Só a Segurança Social uniu Starmer a Sunak — mas de forma ténue
Ao longo desta hora e quinze minutos, poucas vezes os líderes concordaram. Um desses raros momentos incidiu sobre a Segurança Social: ambos admitem o problema do elevado número de pessoas de baixa médica no Reino Unido atualmente. Porém, discordam da forma como se deve combater o fenómeno.
Keir Starmer considera que é necessário “dignidade e respeito” para as pessoas terem um “emprego seguro”, admitindo, ainda assim, falhas no sistema, relacionando-as com o estado do serviço nacional de saúde (NHS). Já Rishi Sunak foi mais duro. “Existe um número de pessoas demasiado alto de baixa. Temos de fazer alguma coisa”, afirmou, acrescentando que foi apresentado um “plano para reformar a Segurança Social”. “Keir Starmer opôs-se a tudo o que propus.”
Outro dos temas que incomodou igualmente os dois líderes partidários foi o das apostas feitas por elementos dos partidos para estas eleições que apostavam em si (ou mesmo contra si). Rishi Sunak foi o primeiro a comentar o assunto e disse que “compreende a fúria” dos cidadãos: “Fiquei furioso quando conheci as alegações”. O primeiro-ministro recordou que os conservadores abriram uma investigação e inquérito, mas não elaborou. “Suspendemos dois candidatos”, frisou.
Por seu turno, Keir Starmer também condenou os movimentos das apostas, assegurando que fez e que “fará de tudo” para suspender os candidatos que estão envolvidos neste escândalo. O trabalhista aproveitou para recordar outra polémica, insistindo que Rishi Sunak foi “condenado” por quebrar as regras durante a pandemia da Covid-19, sendo que este episódio demonstra a falta de “integridade” do primeiro-ministro.

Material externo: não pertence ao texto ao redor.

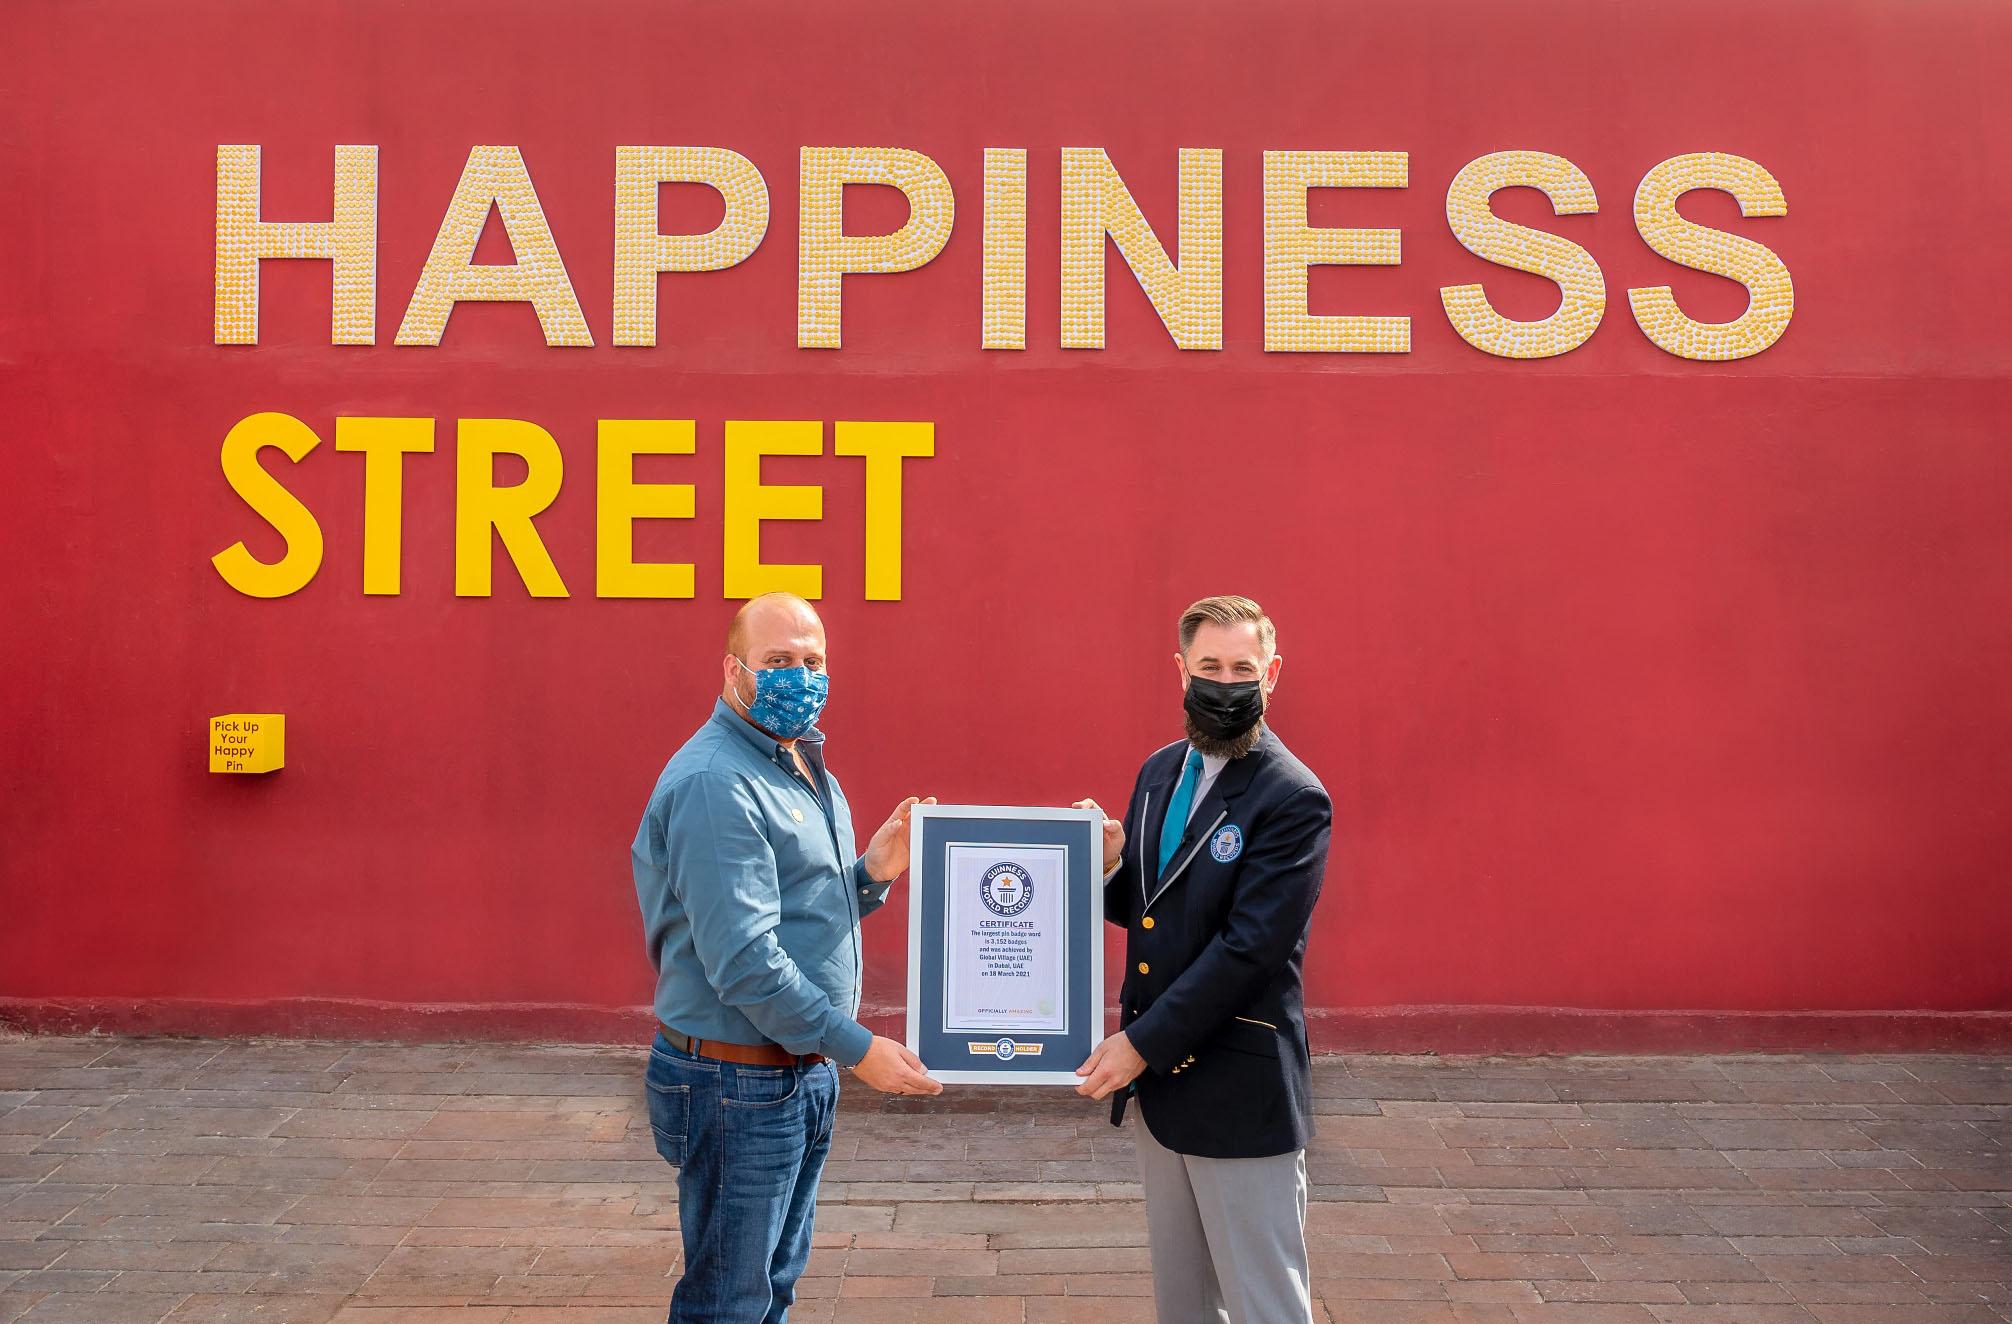 """القرية العالمية تحقق رقما قياسيا جديدا في موسوعة """"غينيس"""" احتفالاً باليوم العالمي للسعادة"""

Depois dos conservadores, trabalhistas suspendem candidato que apostou contra si próprio
No final do debate, Rishi Sunak pediu mais uma oportunidade aos eleitores, avisando para as “consequências profundas” que uma vitória trabalhista terá, nomeadamente o pagamento de mais impostos. Neste momento, Keir Starmer exaltou-se e atirou um “mentira”. Depois, apresentou o seu melhor trunfo eleitoral: “Tivemos 14 anos de caos. Vamos reconstruir o país. Dia 4 de julho, votem na mudança, votem Labour”.